Pac-12 champion Jaden Abas, a redshirt freshman and the team’s newest All American, lost his first match but worked his way back up over four rounds to a 7th place finish in the 149-pound weight class by a 5-3 decision over Appalachian State’s Jonathan Millner. 

Real Woods, a redshirt sophomore, pulled off two big upsets at 141 pounds even after a year of sacrifice, avenging a previous defeat by Grant Willits of Oregon State before being denied All American status in a tight match decided by legal technicalities and challenges to refs. 

Redshirt senior and team captain Requir van der Merwe went two and two for a respectable ending to a productive career. Redshirt senior Nathan Traxler nearly clawed his way back from a first-round loss to finish as an All-American before one bad position did him in during the final round. True freshman Nick Stemmet sophomore Jackson DiSario both went winless in St. Louis.

Despite being denied a future at Stanford and sentenced to exile on the road, the team’s seven NCAA qualifying wrestlers — five of whom are underclassmen — competed with success and when they lost, almost uniformly lost closely and on technicalities. Throughout the tournament, the noticeably logo-less uniforms left their mark, a look that head coach Jason Borelli described as a personal choice by each wrestler.

“We’ve all been crushed,” he said in the same interview with Keep Stanford Wrestling. “Some of their dreams feel like they’ve been shattered. The administration decided to discontinue our sport and some of the guys, they don’t feel comfortable wearing something other than what more represents their team and their family.” 

Griffith embodied the defiant spirit of Keep Stanford Wrestling in the tournament. 
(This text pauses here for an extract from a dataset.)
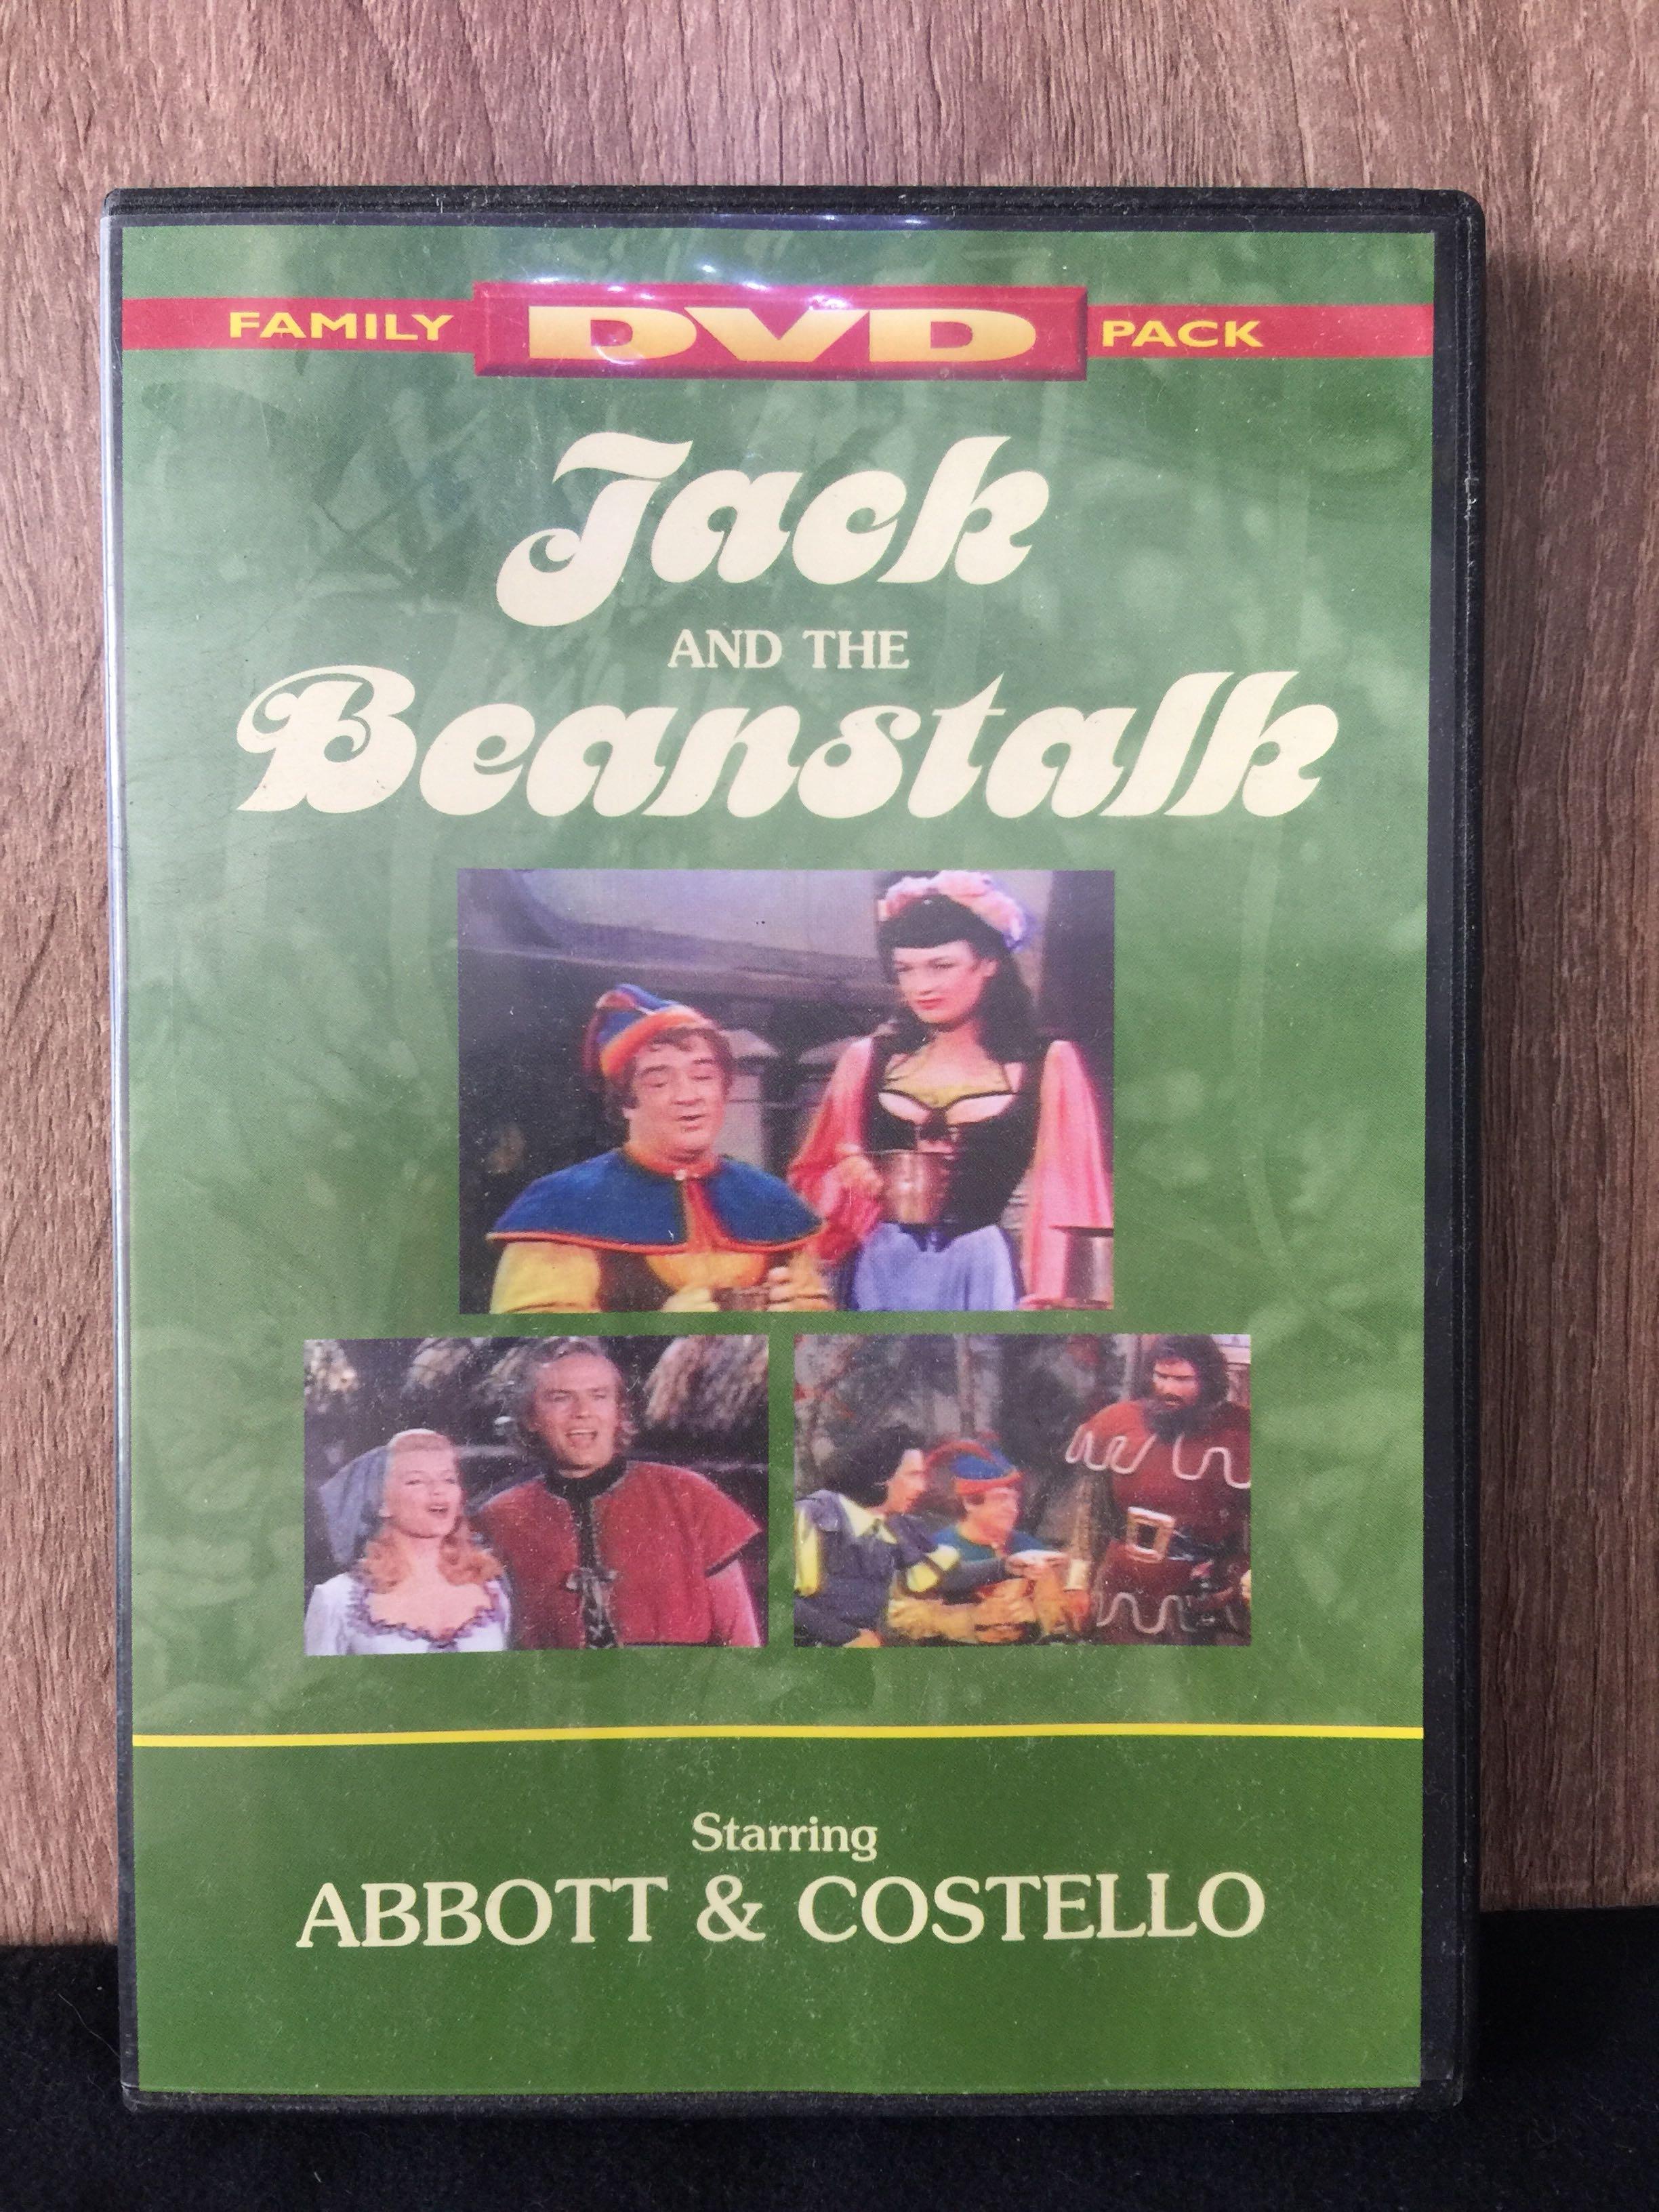 [M088-1] Jack and the Beanstalk starring ABBOTT & COSTELLO DVD

He began his ascent with an upset sudden victory win over the top seed Alex Marinelli of Iowa in the quarterfinals, before taking down Zach Hartman of Bucknell, who had never previously lost a match, in the semifinals.

“Every time I step on the mat, that’s the national finals right there that I’m going for,” Griffith said to Keep Stanford Wrestling. “Whether it’s my first match or my last one, just mindset going in — it’s for the belt.”
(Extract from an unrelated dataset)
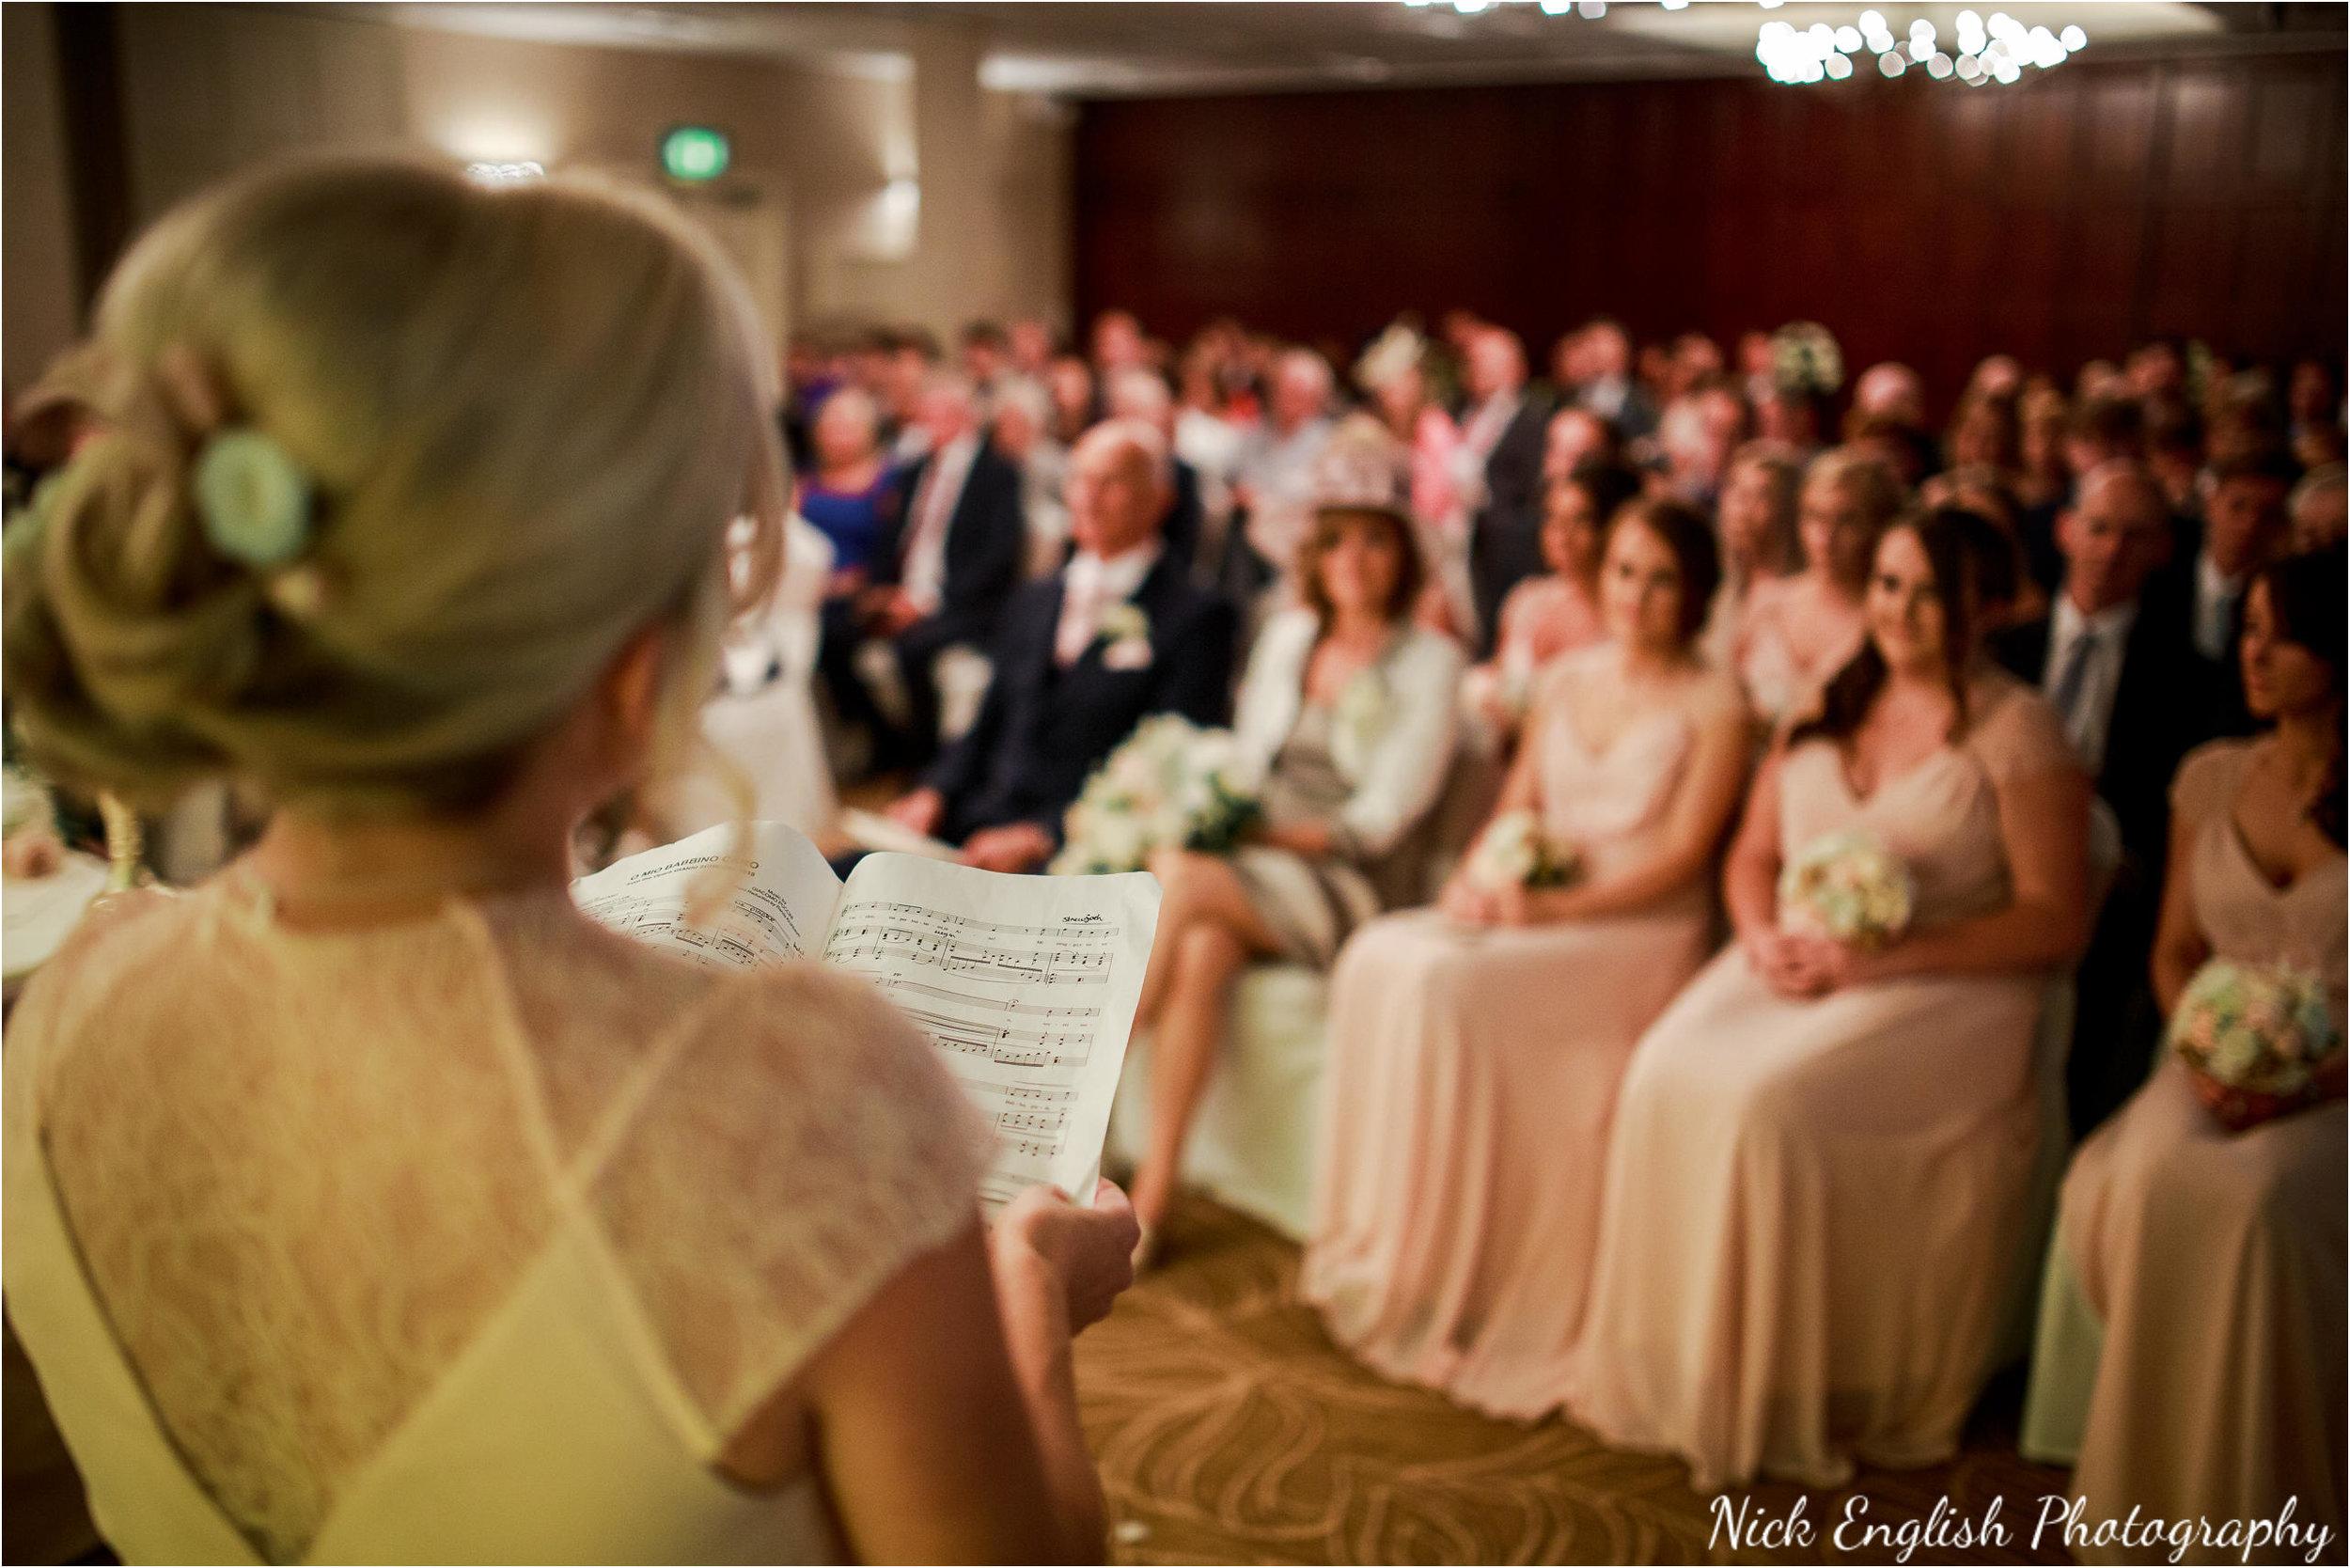 Emily David Wedding Photographs at Barton Grange Preston by Nick English Photography 78jpg.jpeg

When Griffith got to the finals, he outmatched Jake Wentzel of Pittsburgh University with a distinctive combination of perfectly executed Russian tie maneuvers and aggressive takedown attempts. 

He won 7-2 and became Stanford’s second national champion ever. In all, the dominant effort was good for the national title in the 165 pound weight class, the NWCA Outstanding Wrestler honor for 2021 and an unsubtle repudiation of the athletic department’s decision to cut wrestling in July. 

Immediately after Griffith’s victory the stadium as a whole began a seemingly spontaneous chant of “Bring back Stanford!”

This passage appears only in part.